───── Data block

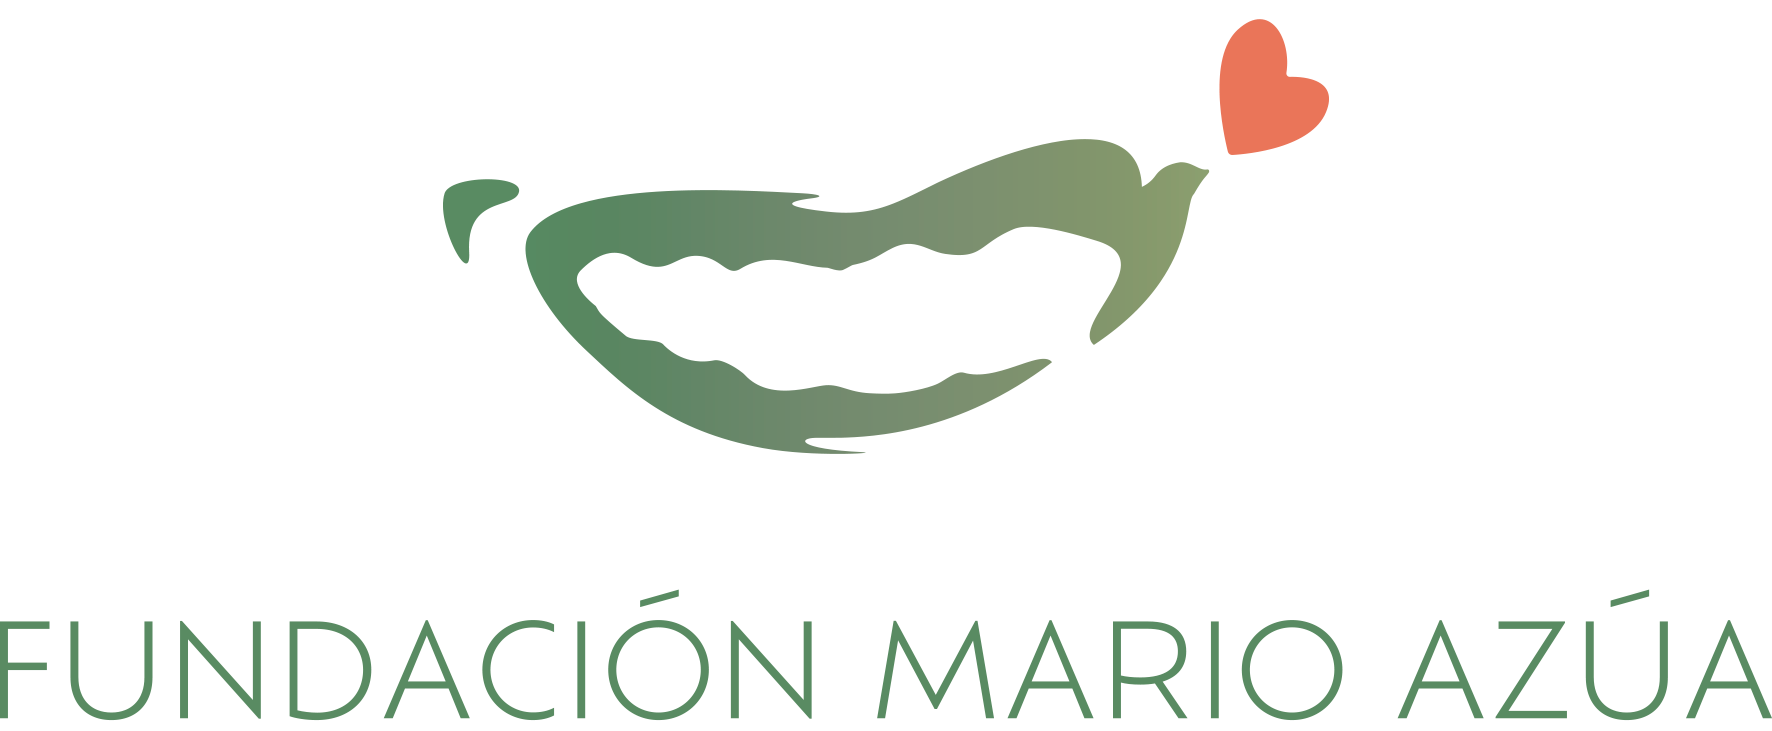 Fundación Mario Azua
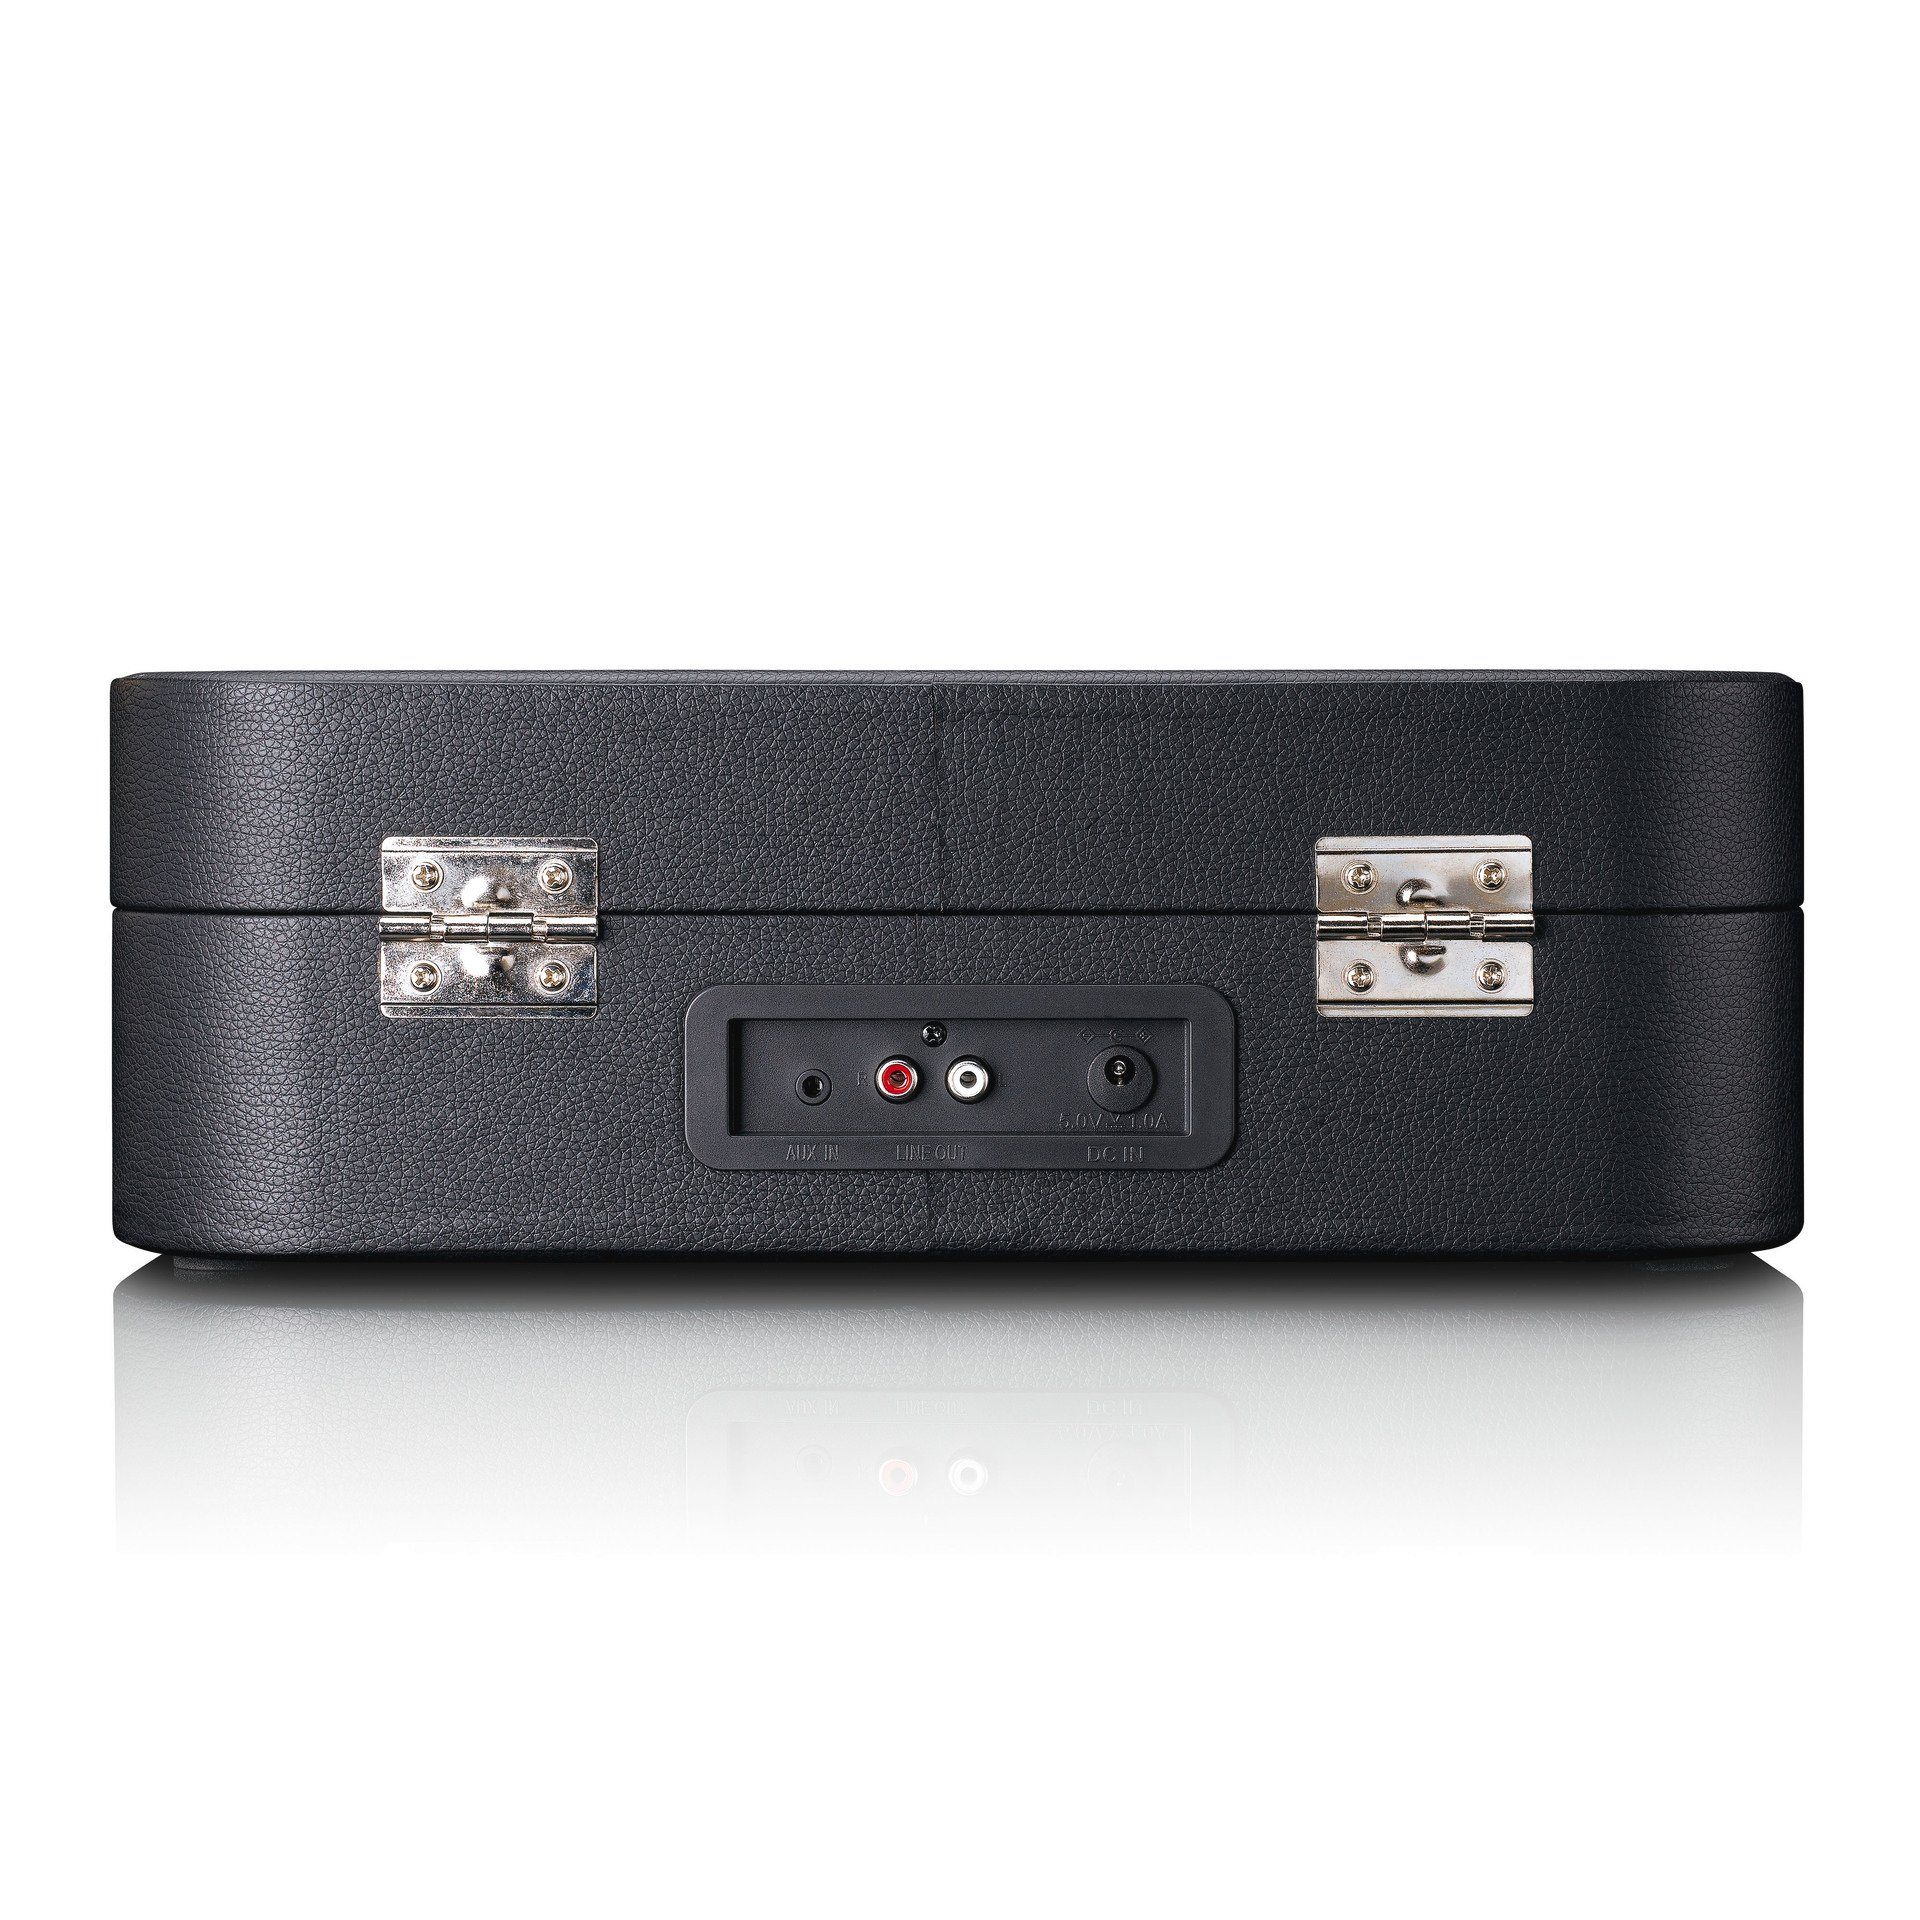 Plattenspieler und Lenco mit TT-116 Koffer-Plattenspieler Bluetooth (Bluetooth) Schwarz USB Retro-Stil
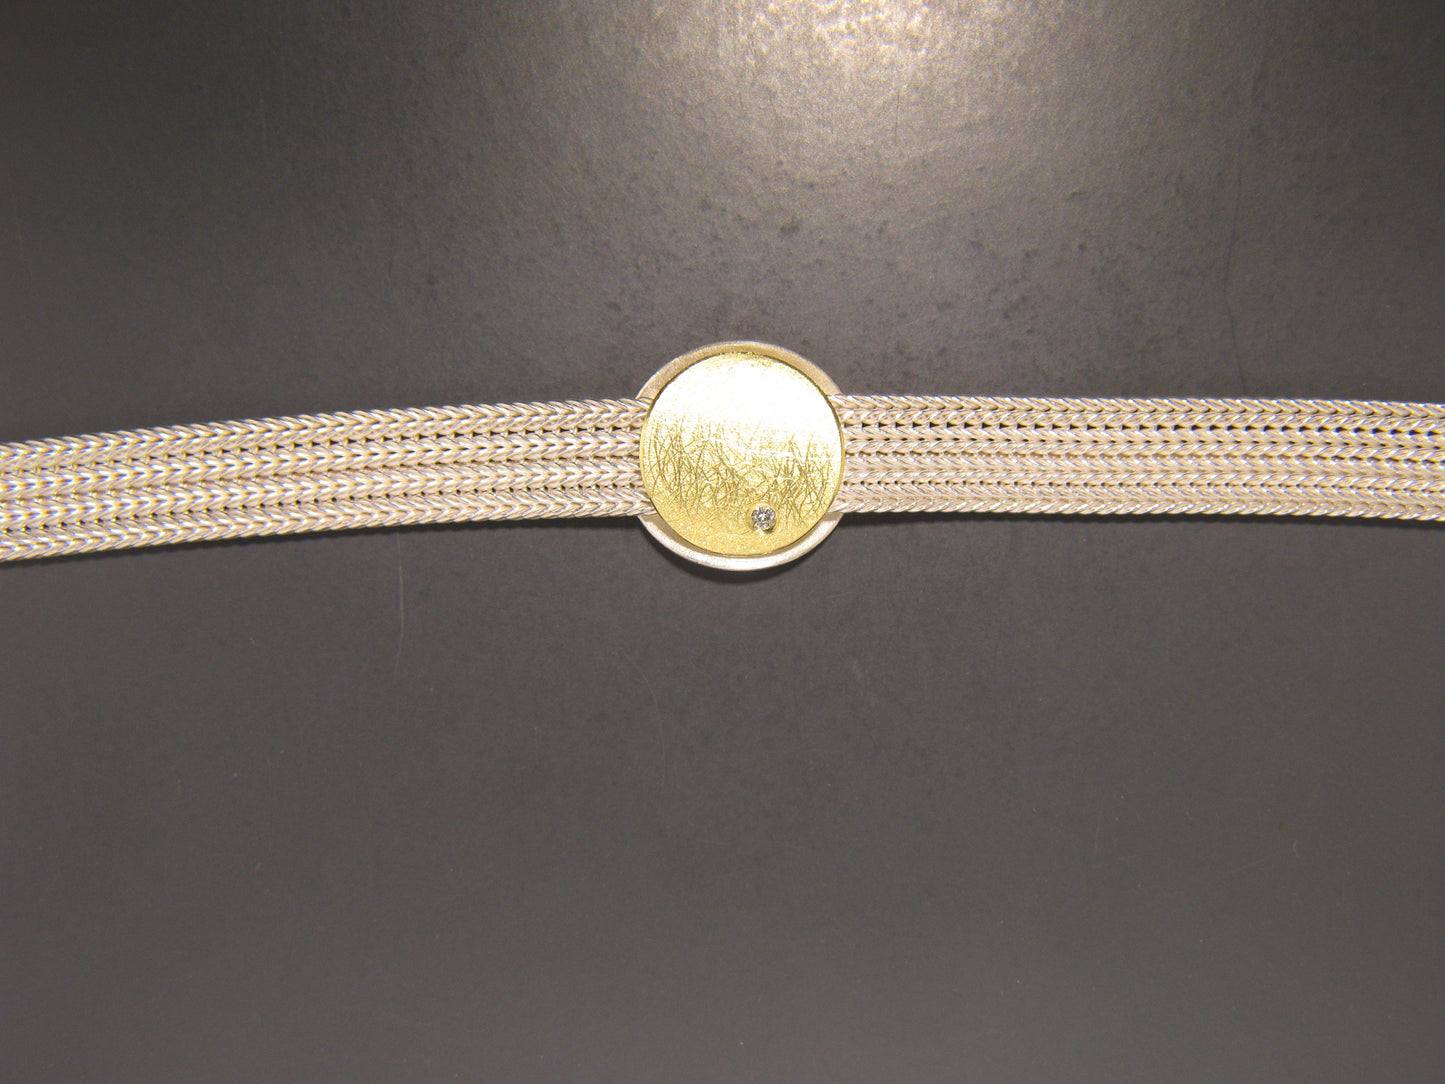 Silber-Armband mit Goldapplikation und Brillantbesatz | MANU

──────────

**What this task involves**
Leaving out the pictures, output each line above exactly as it is.

**Output for this task**
 Fundación Mario Azua
 Plattenspieler und Lenco mit TT-116 Koffer-Plattenspieler Bluetooth (Bluetooth) Schwarz USB Retro-Stil
 Silber-Armband mit Goldapplikation und Brillantbesatz | MANU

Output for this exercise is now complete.